In the material below, the required lines run from the one containing "Kuličkové pero Spoko" through the one containing "Classic Bicycle Helmet". Copy those lines exactly, ends included, and nothing else.

Records supplied START

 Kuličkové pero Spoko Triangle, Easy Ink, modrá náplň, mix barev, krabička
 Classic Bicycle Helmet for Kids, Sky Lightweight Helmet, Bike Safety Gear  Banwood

Records supplied END
Records supplied START

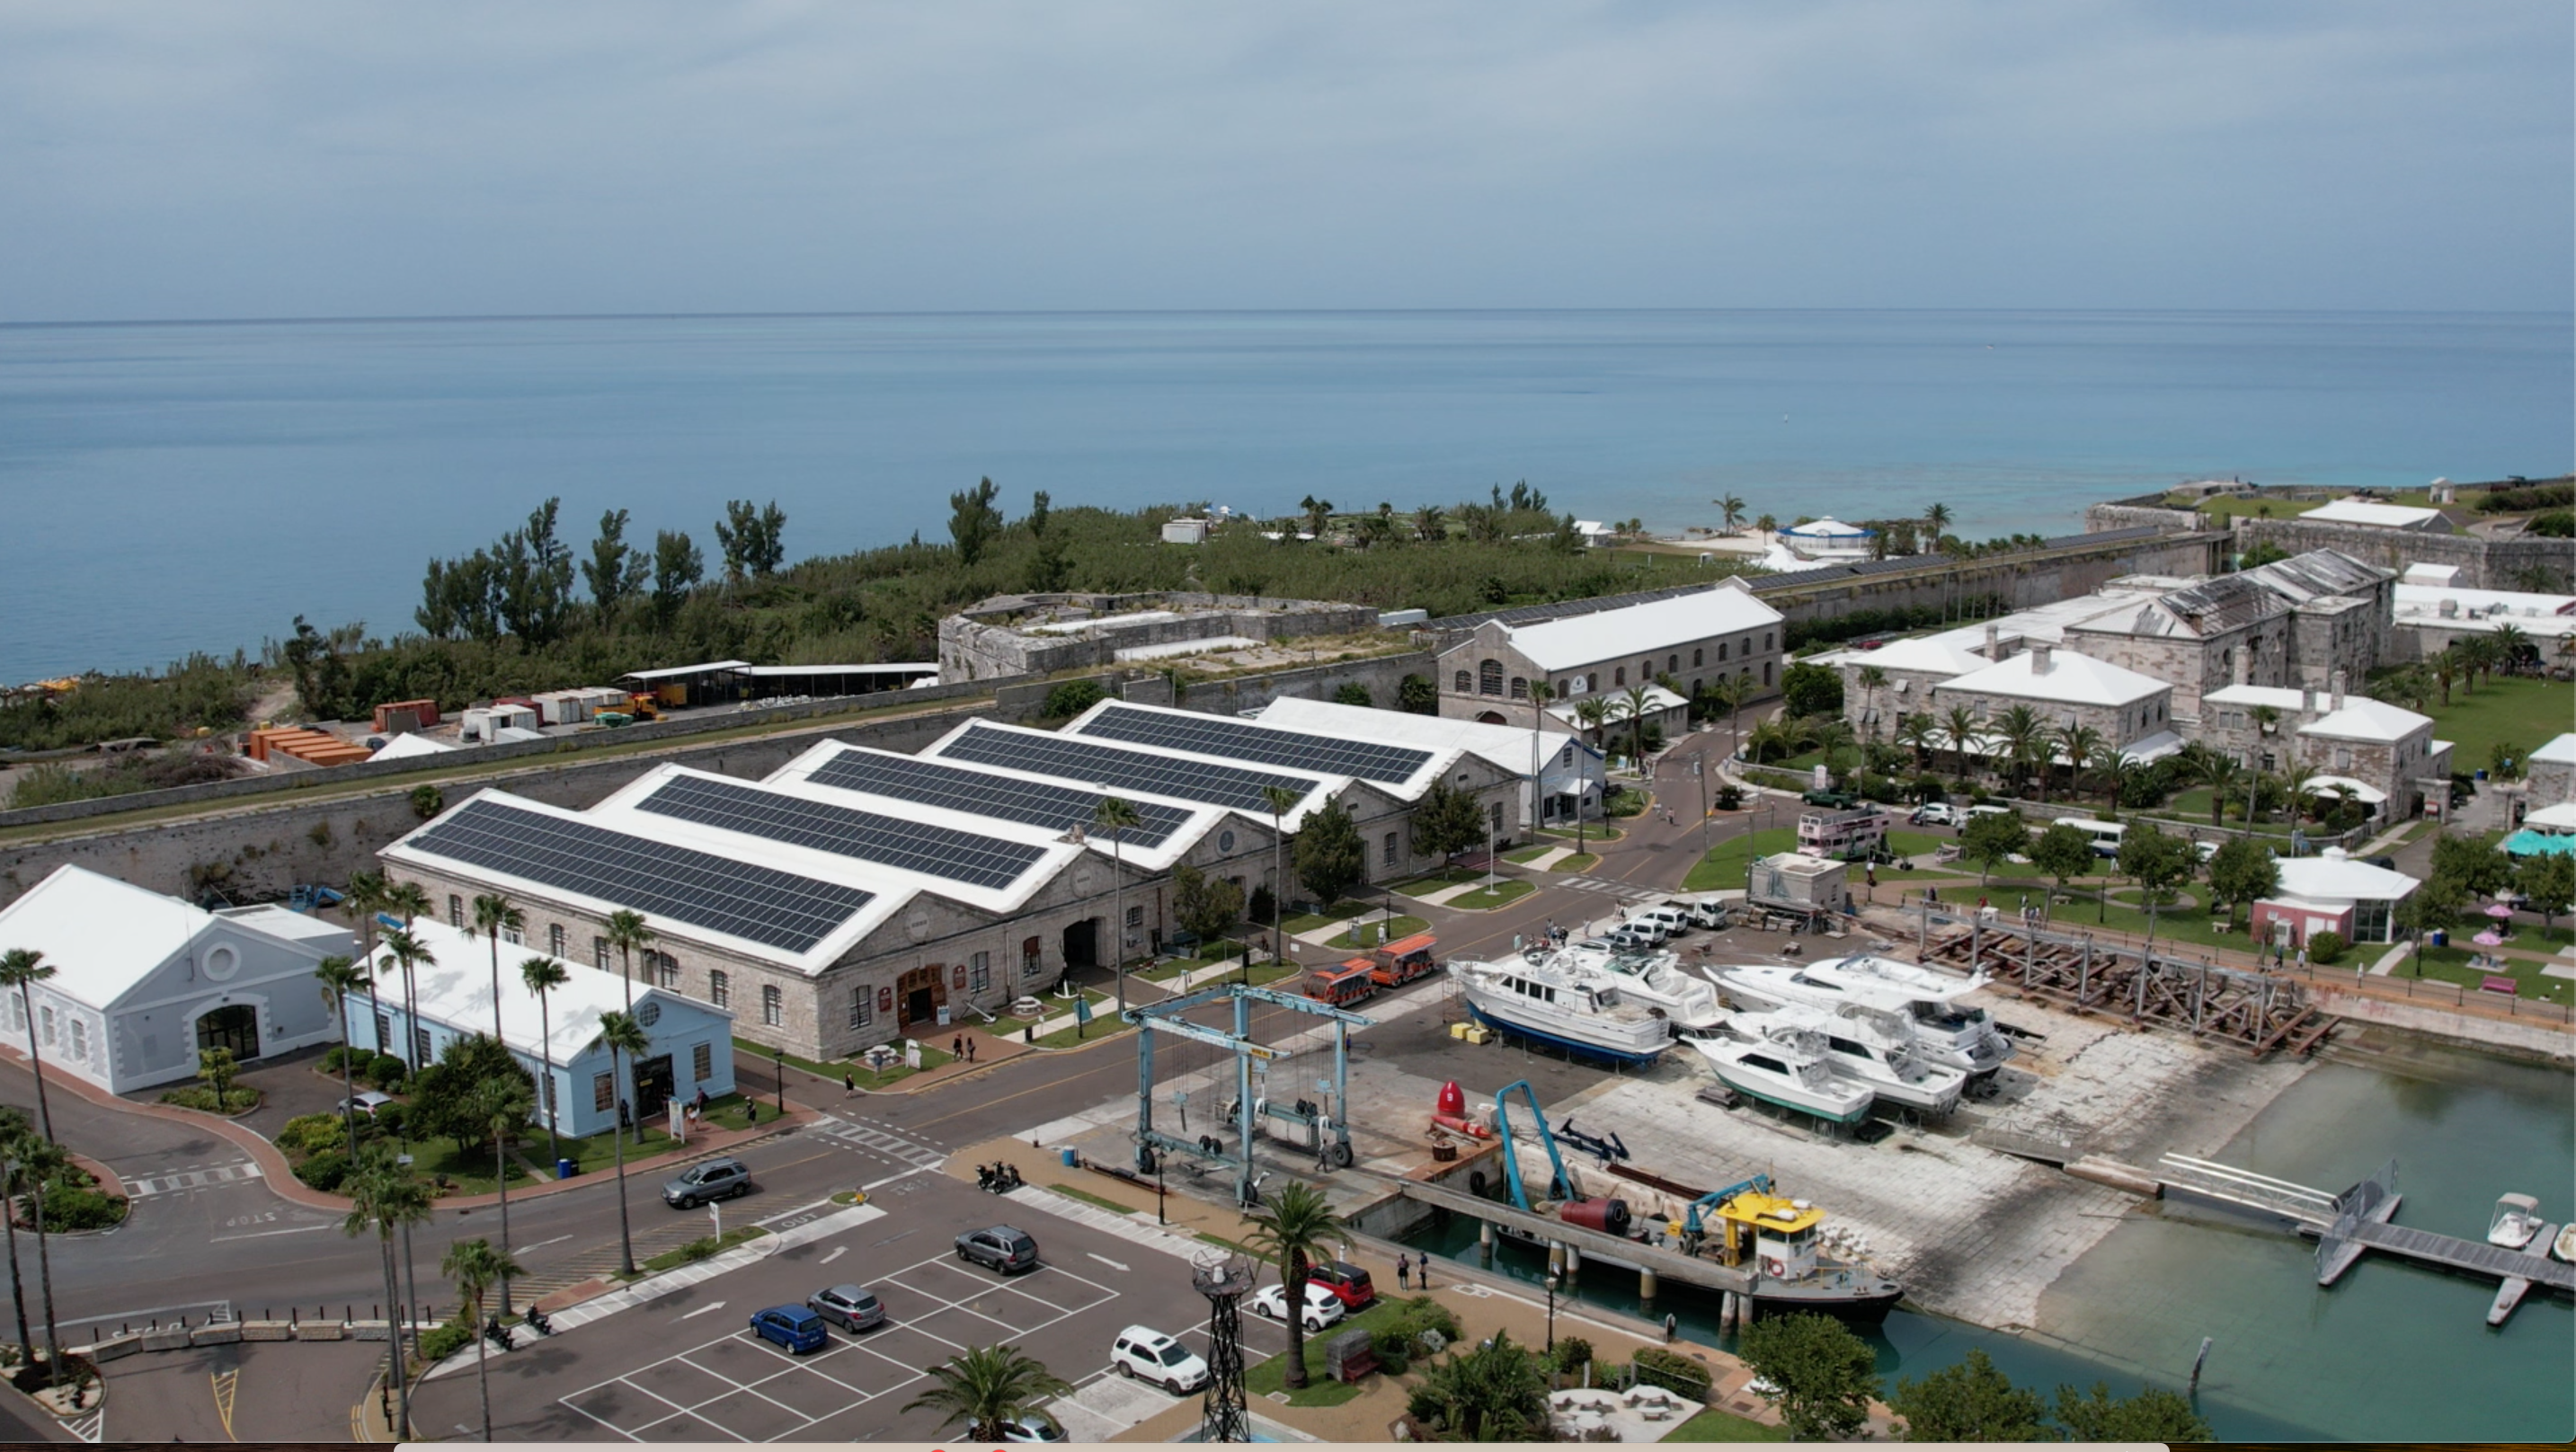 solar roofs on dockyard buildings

Records supplied END

Problem solution:
 Kuličkové pero Spoko Triangle, Easy Ink, modrá náplň, mix barev, krabička
 Classic Bicycle Helmet for Kids, Sky Lightweight Helmet, Bike Safety Gear  Banwood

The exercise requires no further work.